Чтобы попасть к Масику, следовало отлететь на вертолете на самый юг полуострова, преодолев немалое расстояние. Виляя между вулканами вместе с вертолетом, пассажиры пытались зацепить глазом хоть что: не живое, так движущееся, но только их общая тень следовала за ними, не отставая, только сопки и заснеженная тайга преследовали их. И даже медведики, летом иной раз выбегающие махнуть лапой неизвестному чудищу, посланному им сверху для развлечения, зимой крепко спали в своих нагретых берложках.
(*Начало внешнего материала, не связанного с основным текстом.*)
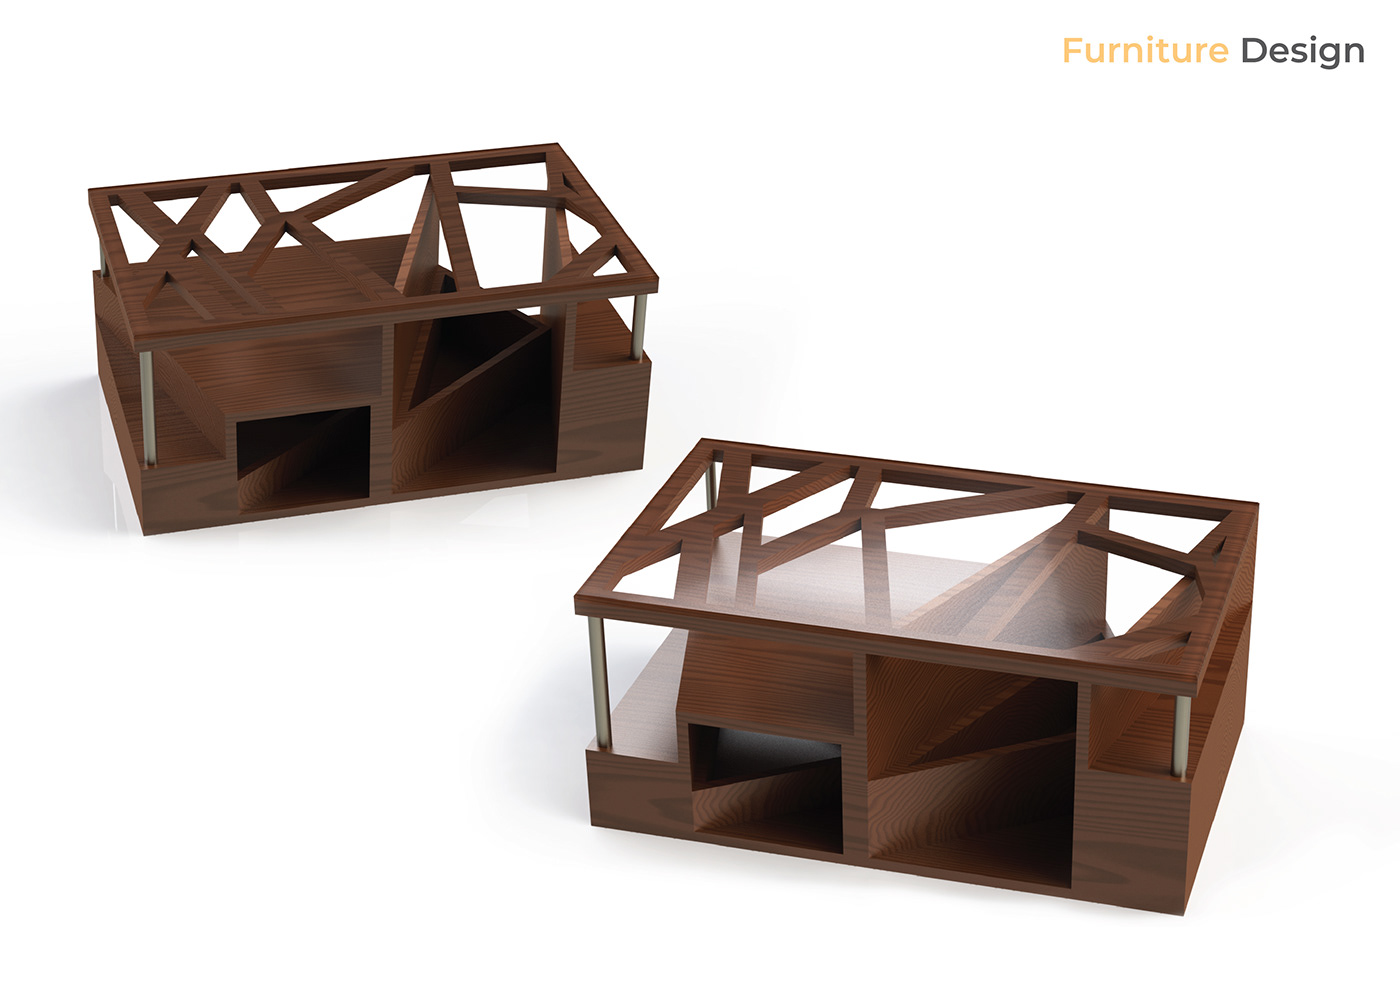 Portfolio Design product design  furniture design  Photography  industrial design 
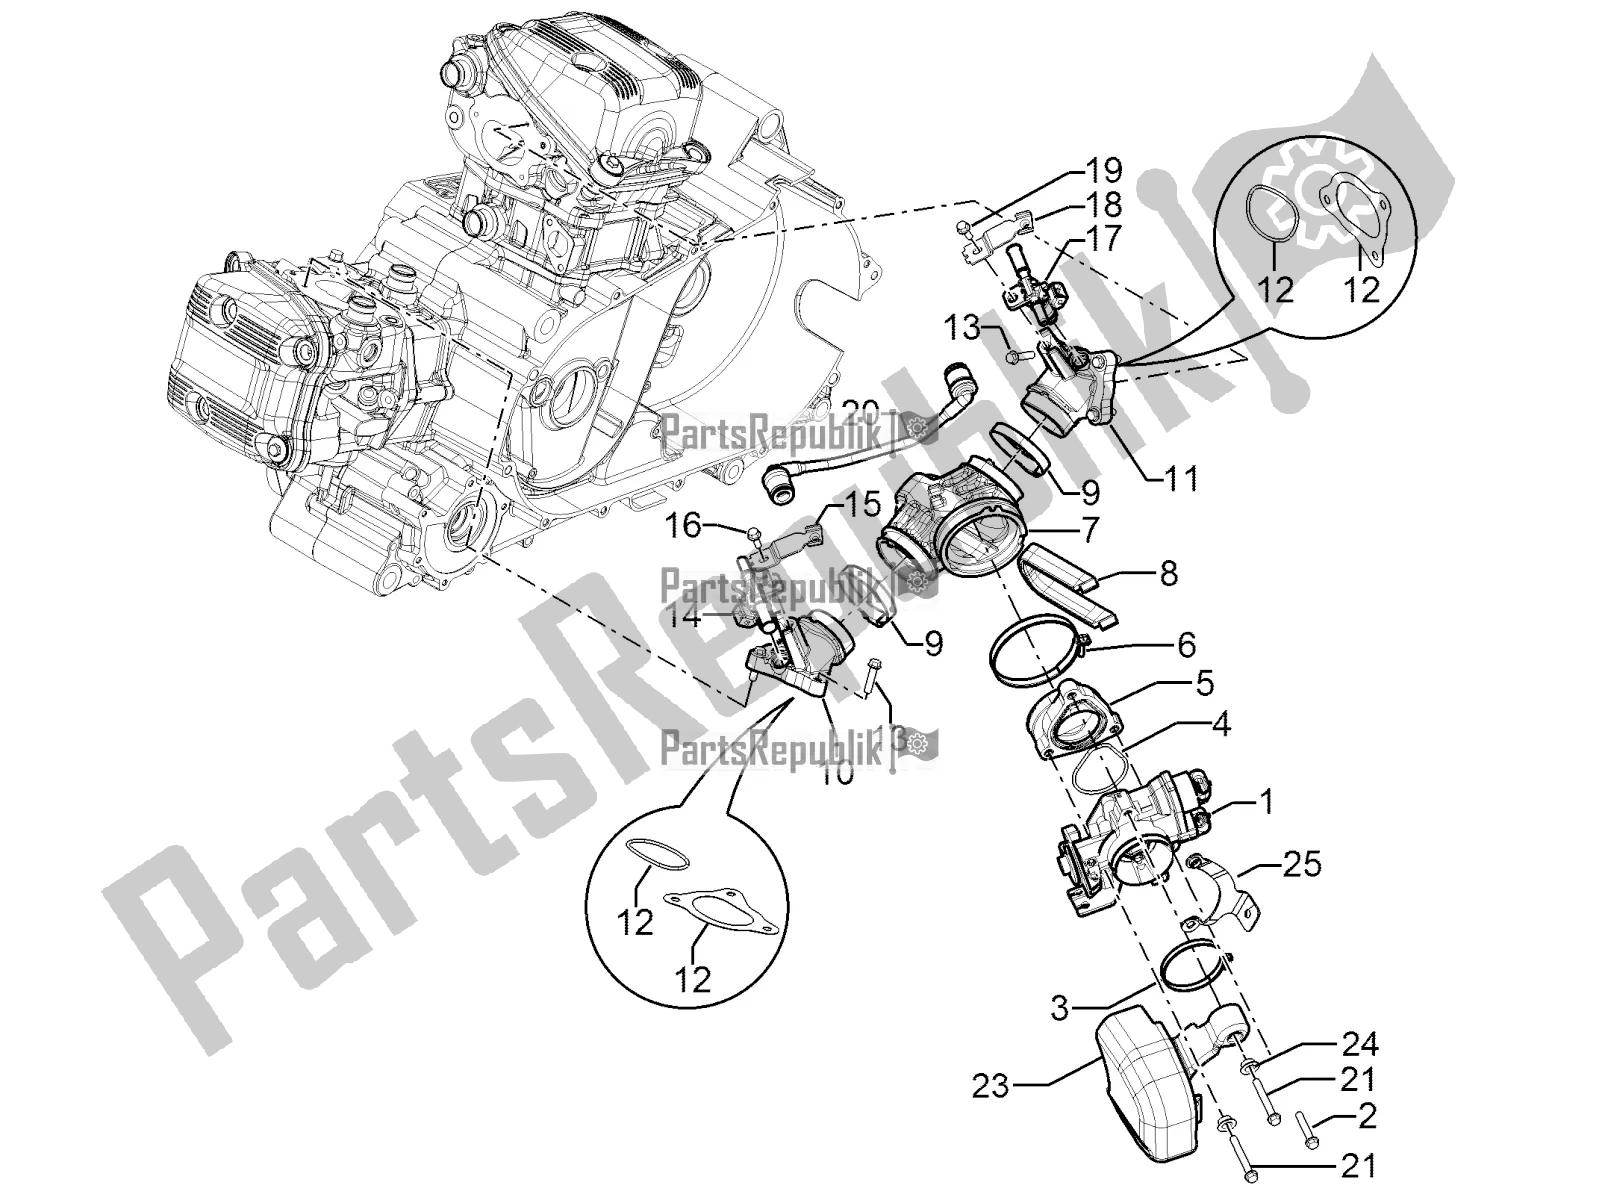 Toutes les pièces pour le Throttle Body - Injector - Induction Joint du Aprilia SRV 850 2016

Наконец это белое молчание сменилось ребристой темной водой под названием Тихий океан, из которого начал вставать белый остров Бердючный. Он рос от минуты к минуте, поднимаясь из черного страшного океанического омута, чистый, светлый и солнечный.
С погодой фартило. Оставалось удачно приземлиться или приостровиться в этом знаменитом теперь месте, где Масиком уже был разбит скворцовский лагерь и, по сообщениям, шла полным ходом работа по подготовке к разработке месторождения и добыче порфирия. («Назвал же этот дурацкий Масик так же по-дурацки свое Дурацкое детище», — иной раз подумывал Юрий Николаевич. С именами собственными ему в последнее время вообще везло.) Работу гнали, требовался скорый результат, необходимый для оформления собственности, которая имела хоть и тоже сомнительное, но значение.
…Подлетали. Из вагончиков и домика посыпали люди, и чем ниже спускались, тем яснее было видно, что люди эти бегают с автоматами в руках. Вася озадачилась. Скворцов наблюдал за развернувшимся внизу действием и безмолвствовал. Наконец Вася увидела Масика, который бежал в сторону от лагеря с красным флажком, как тот революционер. Масик указывал место, куда лучше сесть вертолету. Тем временем вооруженные люди куда-то быстро подевались, а к вертолету уже бежали мирные геологи, вулканологи, бурильщики и еще бог знает какие масиковские работяги. Только один, самый огромный, так и остался стоять у домика с автоматом наперевес.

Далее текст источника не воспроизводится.